Extracranial carotid atherosclerosis constituted only 7% of all the ischemic strokes, which like oriental countries, is less than that reported from western countries.^34,35 Among the known stroke mechanisms, lacunar infarction constituted the second frequent (18%) subtype in our study. This is similar to the data previously reported by us.³⁶ Most of the western stroke registries have also reported lacunar strokes to comprise from 10% to 24%,^37-39 except NINCDS and UCDS SDBs where lacunar strokes constituted 27% of strokes, possibly due to the predominance of non-Caucasian population in those areas.^35,39 Our percentage of lacunar infarct was less than that reported from Chinese hospital- based studies, such as People's Republic of China (27%),⁴⁰ Hong-Kong⁴¹ and Taiwan.¹⁶ It appears therefore that while lacunar stroke is not as frequent in India as in oriental countries, it is still the second known stroke mechanism in India.We found only 10% of our stroke patients to have cardioembolic sources.
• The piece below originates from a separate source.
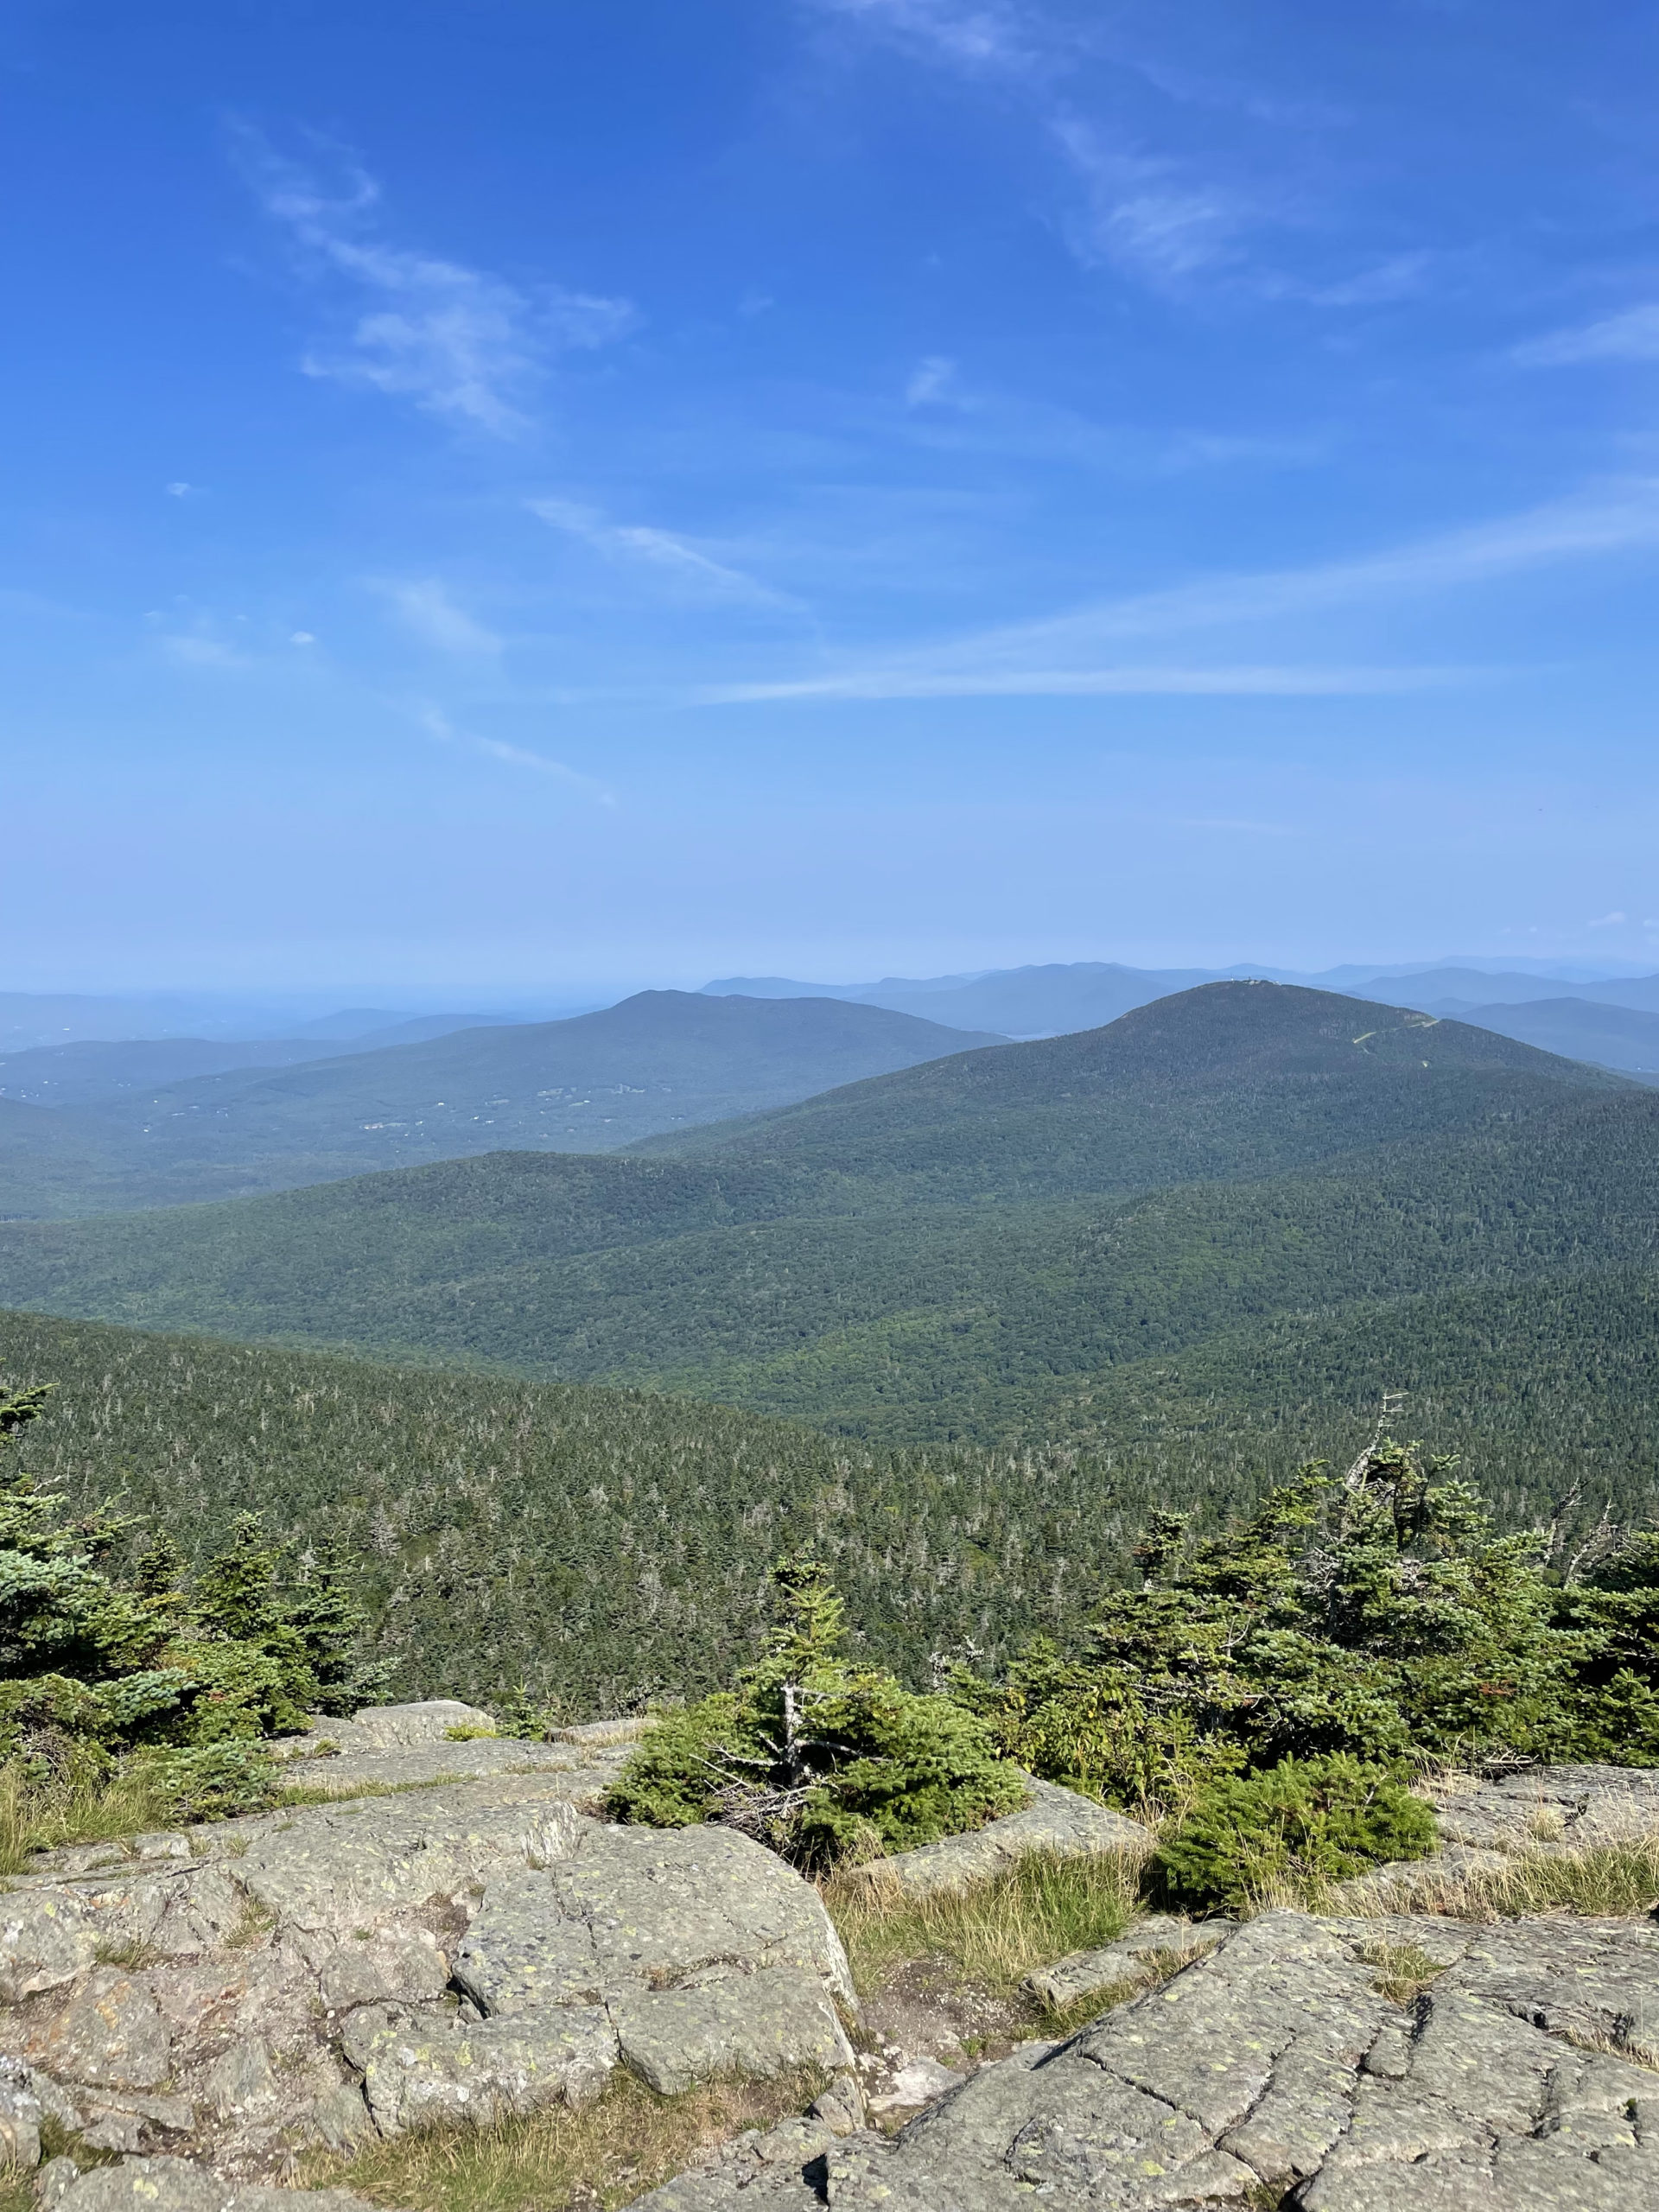 View from the summit, seen while hiking Killington Peak in the Green Mountains, Vermont
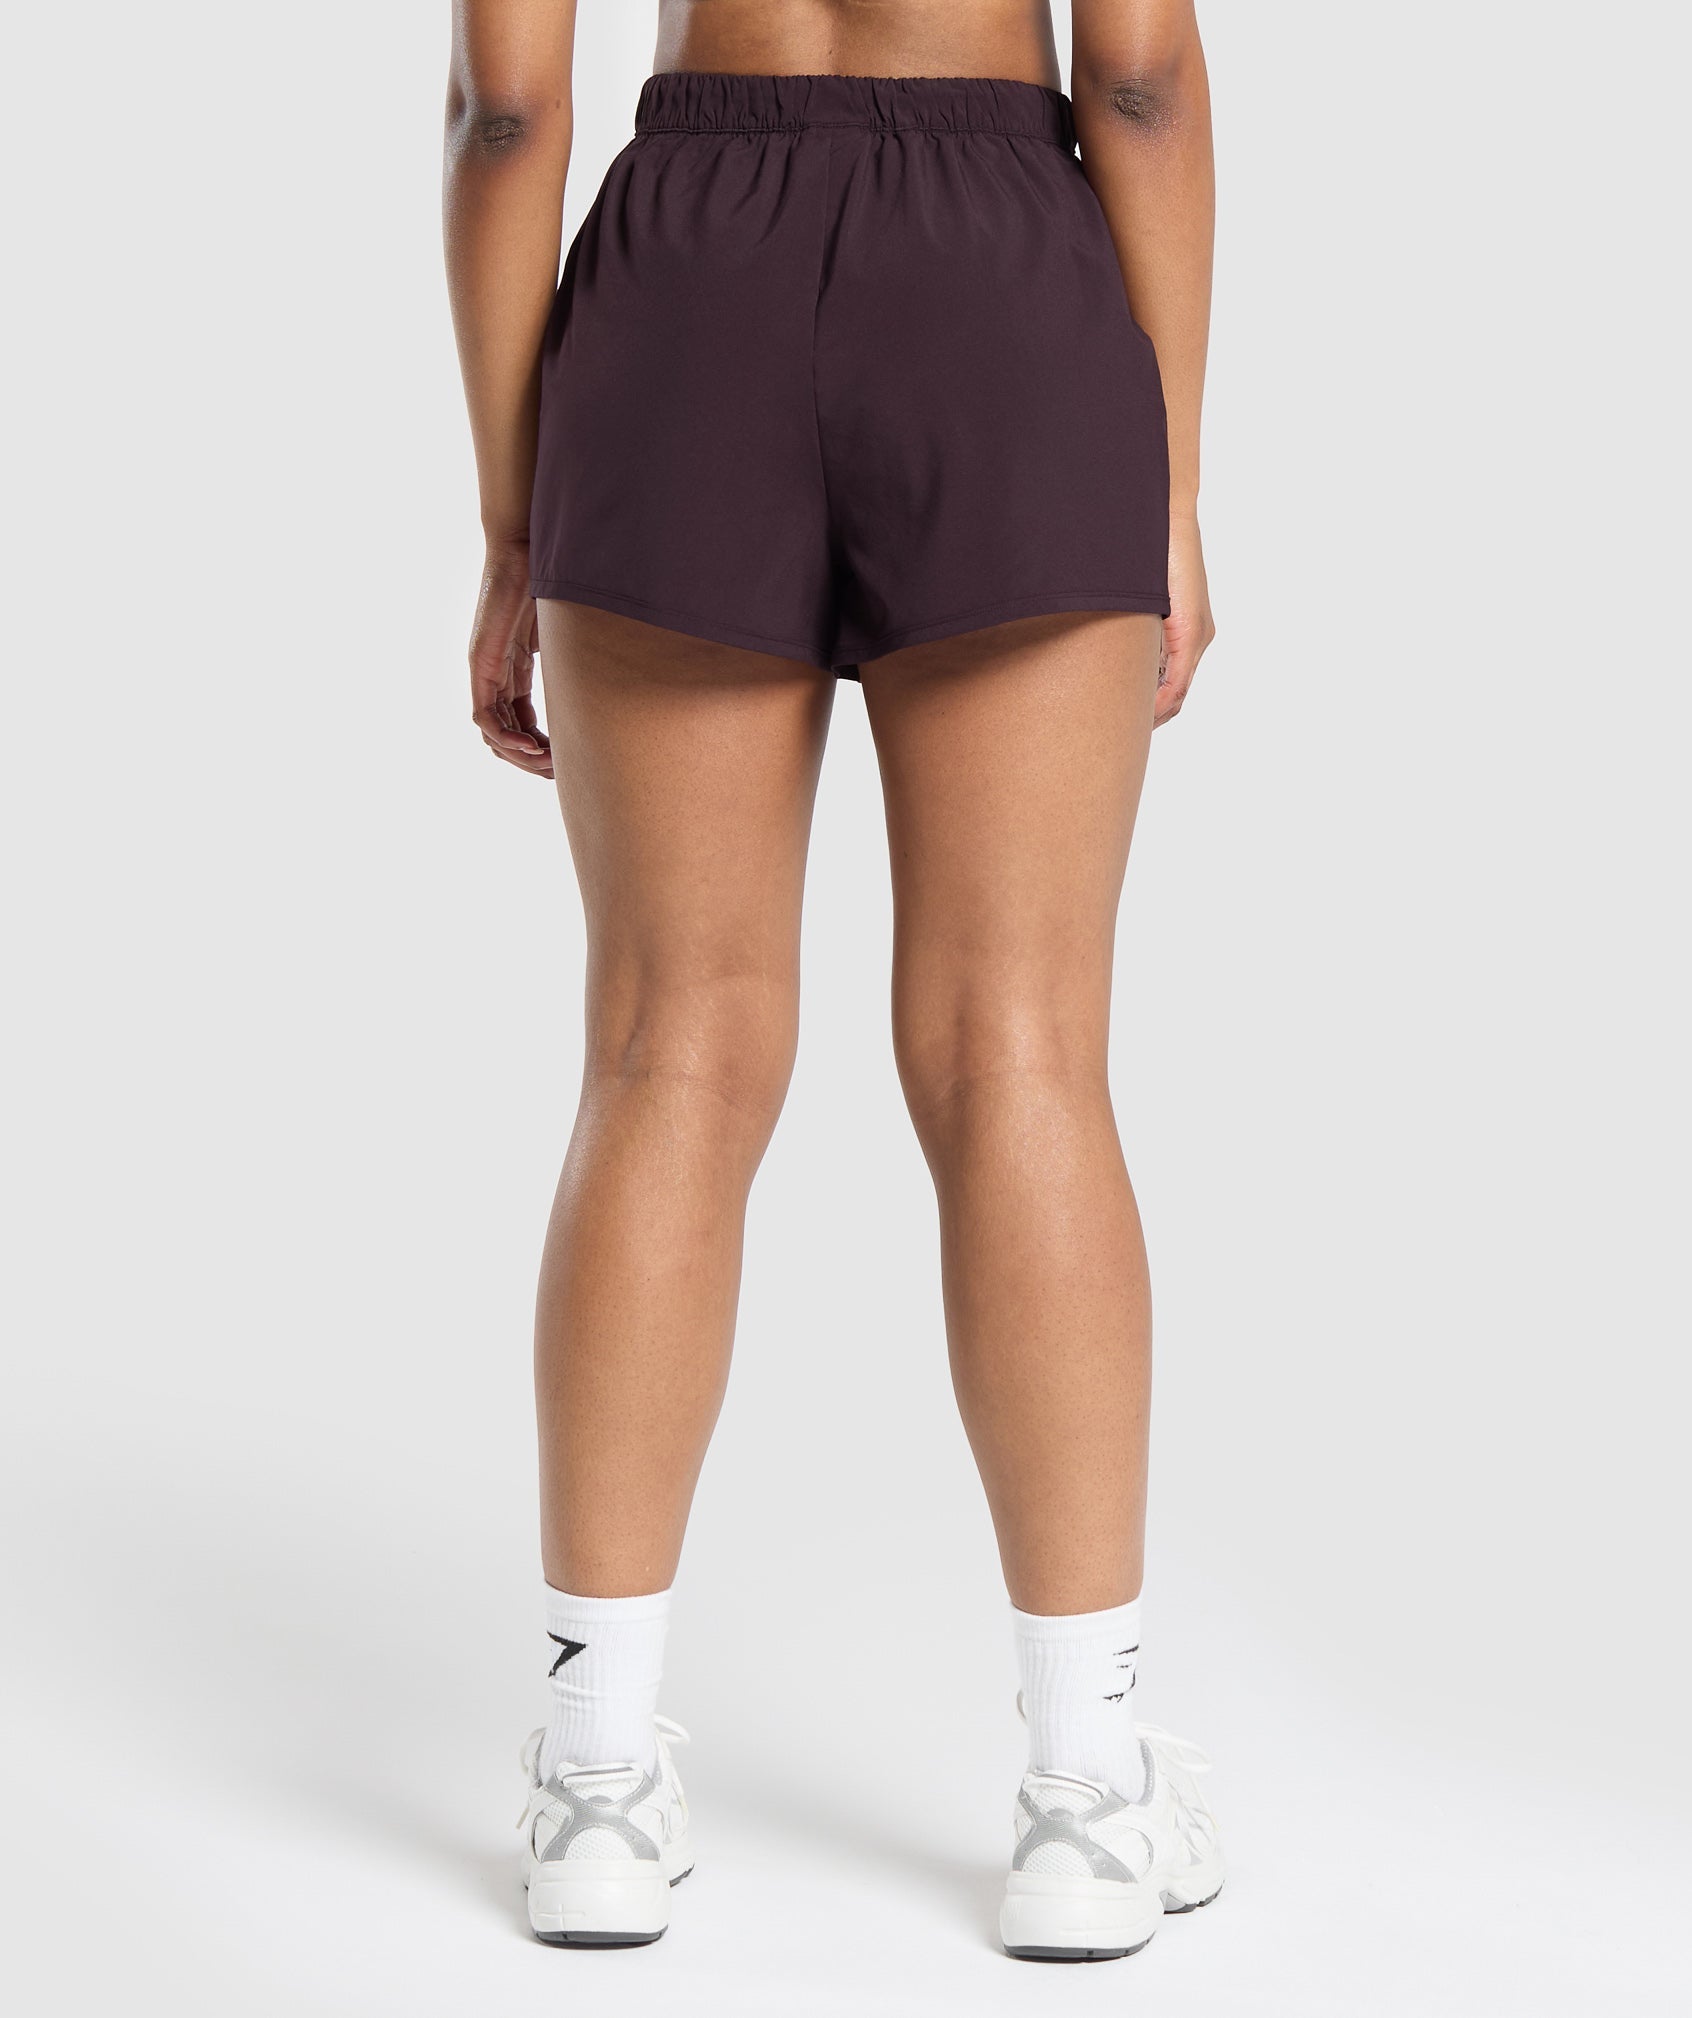 Scallop Hem Shaped Shorts in Plum Brown - view 6

In most of the previously reported registries from other countries, approximately 20% of the cases were classified as the cardioembolic (CEI) subtype, with no significant difference in this subtype between different races.^3,37-39 The main reason for the relatively lower prevalence of cardioembolic strokes among our patients seems to be due to absence of non-valvular atrial fibrillation (NVAF), the biggest contributor of cardioembolic strokes in other registries. The relative paucity of NVAF in our patients is possibly due to lower mean age of our population.⁴³ Also all patients do not undergo transesophageal echocardiography, thereby missing the cardioembolic sources. Interestingly, myocardial wall motion abnormalities following a myocardial infarction were as important as rheumatic heart diseases as the cardioembolic sources.We have reported similar results previously.⁴² It seems that the rapid urbanization, changing diets, and stressful lifestyle has exposed the population in developing countries to the same risk factors as in developed countries, while the age old risk factors like rheumatic -valvular-heart diseases continue to exist. In our registry and in other registries conducted by Sacco et al,³⁸ and Yatsu et al,⁴⁴ 29% to 40% of the cases were classified as undetermined causes. However, in the studies by Friday et al,⁴⁵ and Bogousslavsky et al,³ only 1% and 8% of cases were classified as undetermined cases respectively.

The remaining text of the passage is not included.